原告代理人の織田弁護士が「傍聴人もいることだから」と訴訟内容を要約して陳述することを希望、裁判官から意向を聞かれた被告代理人代表(?)は「しかるべく」と答えたが、次に声が聞けたのは日程確認の時でしたね。ところで後の人たち、特に後ろの席に座った4人は何のために来ていたのでしょう? 裁判官に対する威圧?
原告Aさんの陳述は、「裁判員になって心身に大きな傷を負い…」「平穏な日々を奪われ、仕事も失い…」「よくわからないまま死刑判決に関与してしまったという罪の意識…」「このような苦しみを味わうのは私を最後にしてほしい…」。切々と訴えられる声は切れ途切れになり、読み上げることができない部分もあったようで… 聞いているこちらも身につまされる思いで涙が出そうになりました。向かって左に座っている裁判官も少し辛そうな表情を浮かべたような気がしました(右側と裁判長の顔は見えずです)。
なお、Aさんの意見陳述は全文を28日にアップする予定です。
福島地裁に行ったとき、何か感じた違和感。それは、どこに地裁に行ってもある裁判員制度の横断幕も窓に貼り付けてあるスローガンも何一つないからでした。まさか今日の裁判のために外した?
庁舎内では「裁判所」と書いた腕章をまいた職員がわらわらと動き、一大イベントの様相です。傍聴整理券を配付し抽選終了まで昼食がお預けだった人もいたようです。

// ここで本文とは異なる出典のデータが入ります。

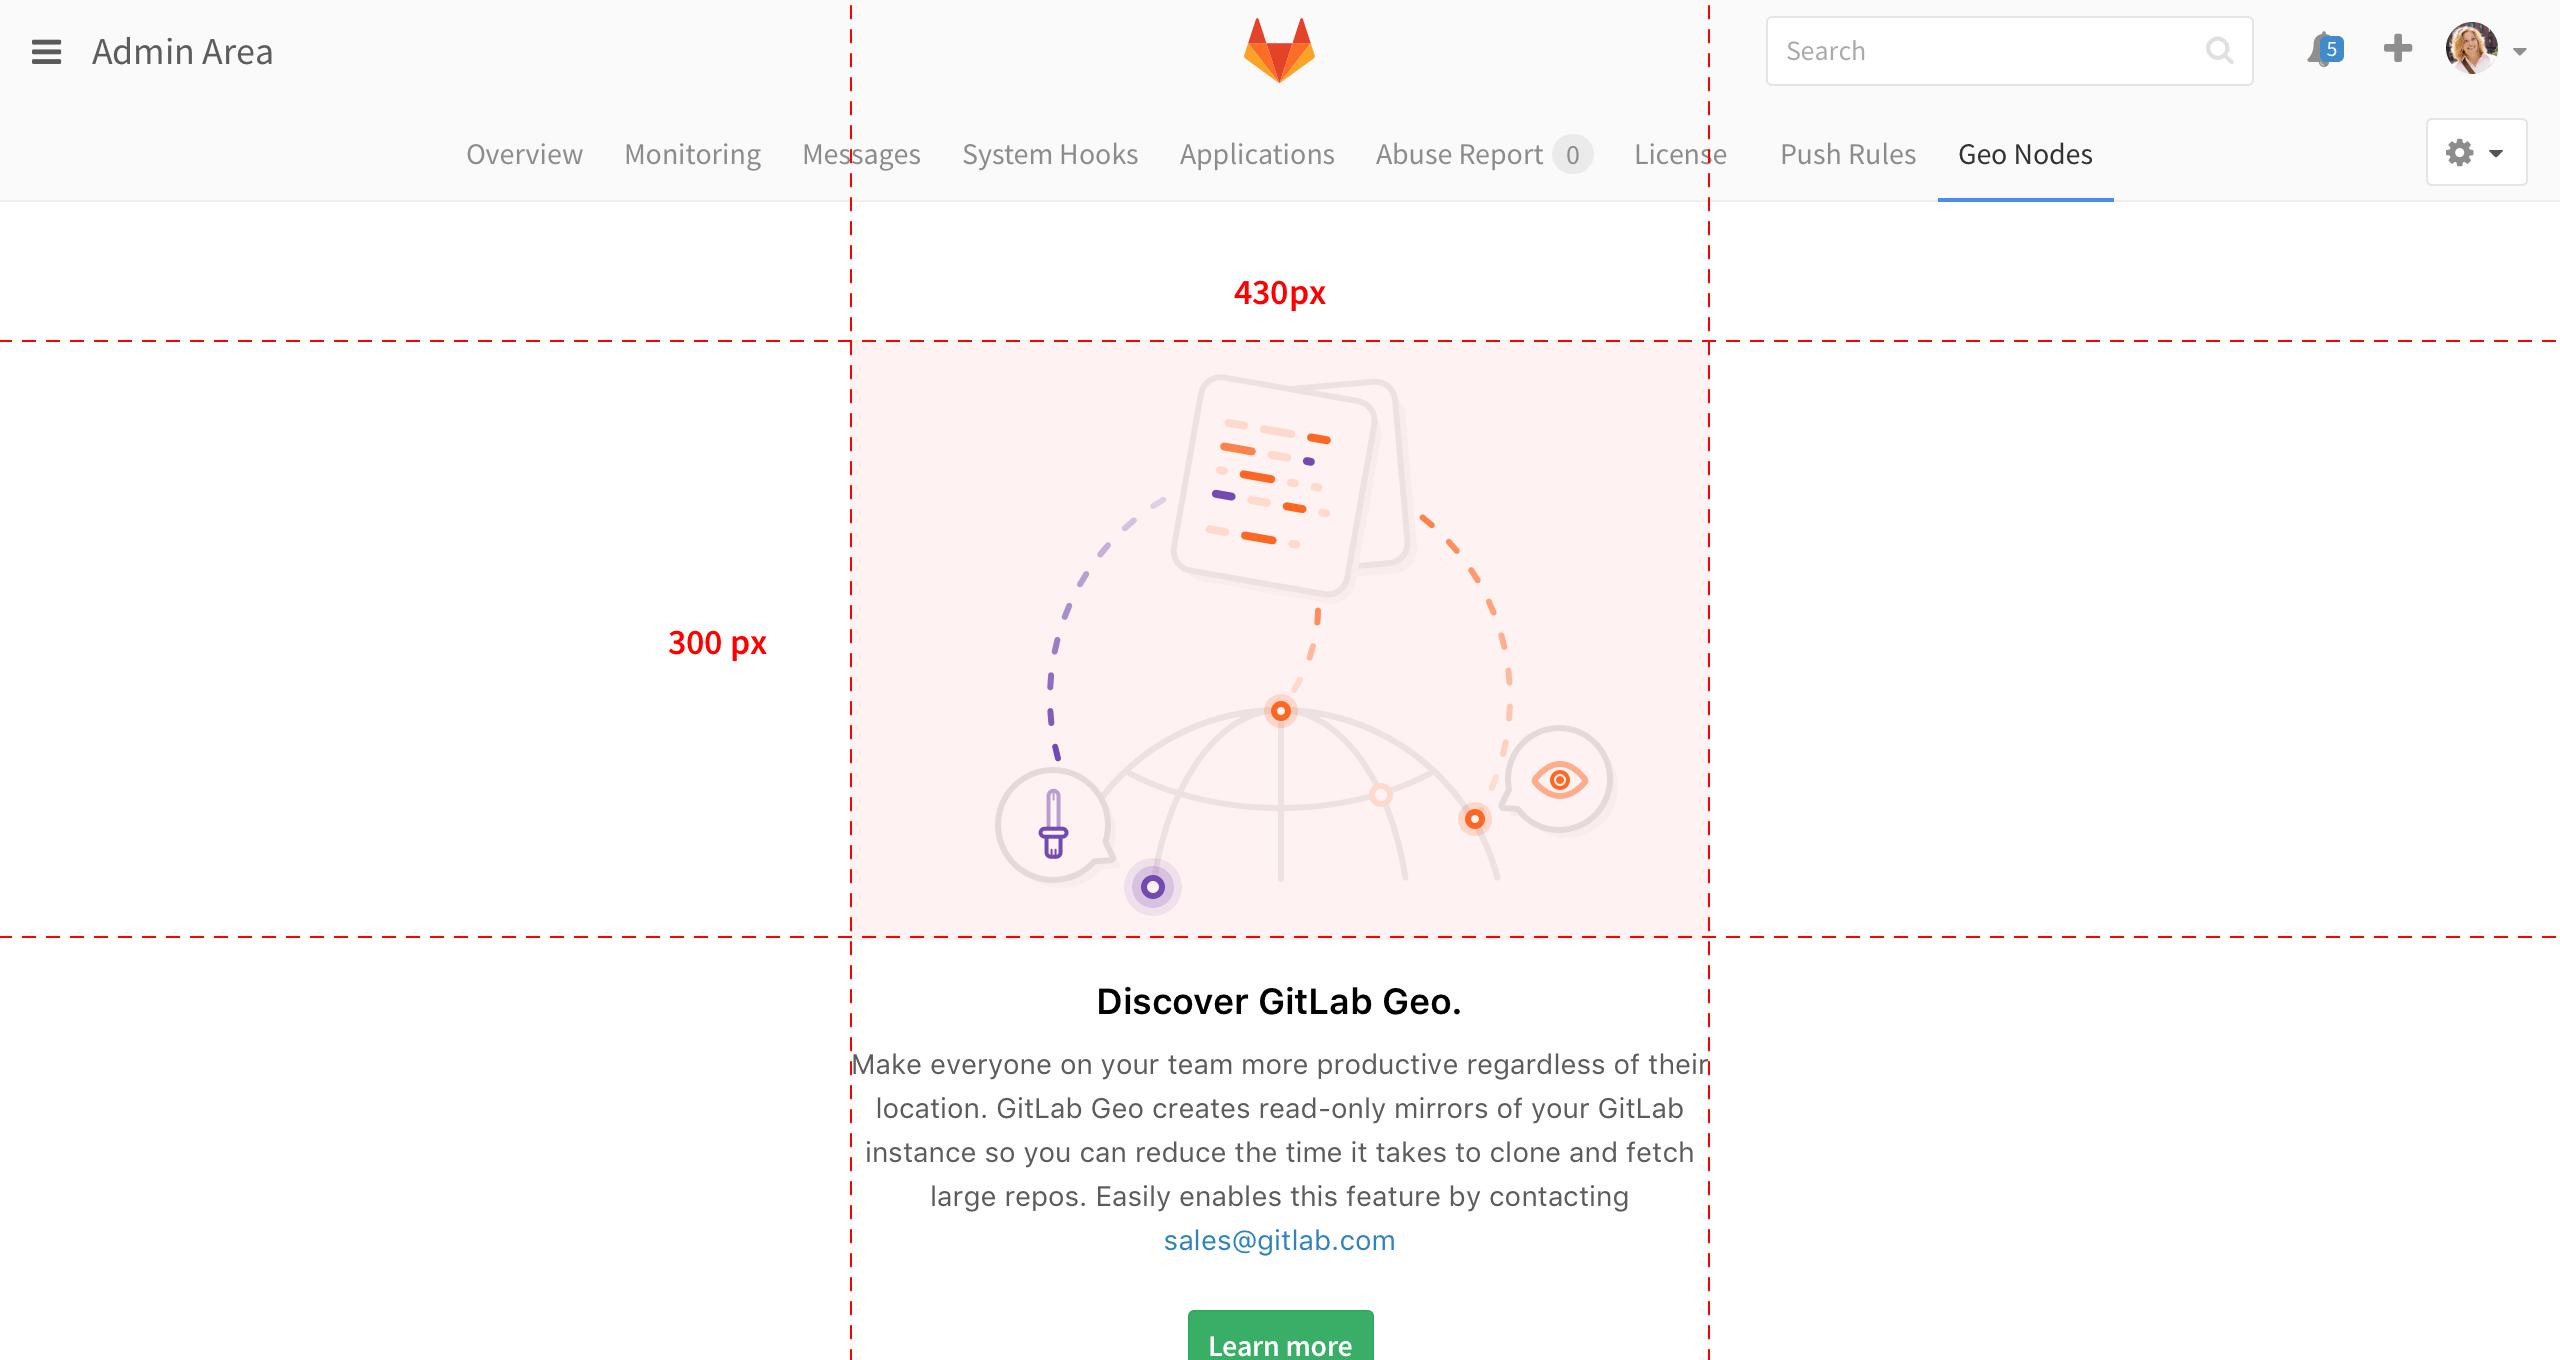 doc/development/ux_guide/img/illustration-size-large-vertical.png

裁判終了後、原告団が近くの弁護士会館へ徒歩で移動するときもトランシーバーでどこかへ報告、職員が敷地外まで付き添って来ます。記者会見終了後、庁舎の駐車場へ戻ったときにも「お疲れ様でした」との声かけで数名がお出迎え。最後は内線電話で「いま、原告の方も代理人の方も車で退庁されました。マスコミのぶら下がりはありませんでした(いえ、それまでぶら下がっていたんですけどね)」と報告。職員にすれば「大変な一日」だったのでしょうか。
被告の国は仙台地裁で受けてくれれば良いものをとか思っていたのかもしれません。
*次回口頭弁論は12月10日15時(午後3時)からです。多くの方に傍聴していただきたいと思います。